Return only the tail of the data below, word for word: the line with "Intel Core2 Duo" and each line after it through the final one.

*Exercise input:*
○ ○ ○ ○ ○ ○ ○

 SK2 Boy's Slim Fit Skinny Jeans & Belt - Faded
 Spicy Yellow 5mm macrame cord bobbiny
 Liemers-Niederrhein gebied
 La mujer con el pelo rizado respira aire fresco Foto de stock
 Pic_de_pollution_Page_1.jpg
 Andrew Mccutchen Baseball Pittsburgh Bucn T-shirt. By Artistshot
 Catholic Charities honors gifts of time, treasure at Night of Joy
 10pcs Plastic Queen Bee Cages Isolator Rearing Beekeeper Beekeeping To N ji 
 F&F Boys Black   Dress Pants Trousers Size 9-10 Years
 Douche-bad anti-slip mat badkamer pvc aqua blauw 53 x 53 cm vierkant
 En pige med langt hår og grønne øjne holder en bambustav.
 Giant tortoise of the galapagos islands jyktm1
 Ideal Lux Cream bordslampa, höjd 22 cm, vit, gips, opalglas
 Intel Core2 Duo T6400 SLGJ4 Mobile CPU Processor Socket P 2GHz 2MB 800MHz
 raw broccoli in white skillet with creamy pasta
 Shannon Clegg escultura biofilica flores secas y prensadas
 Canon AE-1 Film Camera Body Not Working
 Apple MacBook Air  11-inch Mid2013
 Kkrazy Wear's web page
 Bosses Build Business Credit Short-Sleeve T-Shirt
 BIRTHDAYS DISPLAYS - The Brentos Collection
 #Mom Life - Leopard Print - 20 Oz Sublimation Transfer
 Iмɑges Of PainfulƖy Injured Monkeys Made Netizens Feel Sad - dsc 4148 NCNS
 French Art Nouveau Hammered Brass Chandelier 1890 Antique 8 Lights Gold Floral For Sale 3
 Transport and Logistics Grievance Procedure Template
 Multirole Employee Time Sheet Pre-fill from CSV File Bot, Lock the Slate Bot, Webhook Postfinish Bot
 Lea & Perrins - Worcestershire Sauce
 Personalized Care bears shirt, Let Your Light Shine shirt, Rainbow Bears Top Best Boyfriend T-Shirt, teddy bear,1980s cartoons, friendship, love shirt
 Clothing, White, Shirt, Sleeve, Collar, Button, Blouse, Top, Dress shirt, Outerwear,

○ ○ ○ ○ ○ ○ ○

*Result of this exercise:*
 Intel Core2 Duo T6400 SLGJ4 Mobile CPU Processor Socket P 2GHz 2MB 800MHz
 raw broccoli in white skillet with creamy pasta
 Shannon Clegg escultura biofilica flores secas y prensadas
 Canon AE-1 Film Camera Body Not Working
 Apple MacBook Air  11-inch Mid2013
 Kkrazy Wear's web page
 Bosses Build Business Credit Short-Sleeve T-Shirt
 BIRTHDAYS DISPLAYS - The Brentos Collection
 #Mom Life - Leopard Print - 20 Oz Sublimation Transfer
 Iмɑges Of PainfulƖy Injured Monkeys Made Netizens Feel Sad - dsc 4148 NCNS
 French Art Nouveau Hammered Brass Chandelier 1890 Antique 8 Lights Gold Floral For Sale 3
 Transport and Logistics Grievance Procedure Template
 Multirole Employee Time Sheet Pre-fill from CSV File Bot, Lock the Slate Bot, Webhook Postfinish Bot
 Lea & Perrins - Worcestershire Sauce
 Personalized Care bears shirt, Let Your Light Shine shirt, Rainbow Bears Top Best Boyfriend T-Shirt, teddy bear,1980s cartoons, friendship, love shirt
 Clothing, White, Shirt, Sleeve, Collar, Button, Blouse, Top, Dress shirt, Outerwear,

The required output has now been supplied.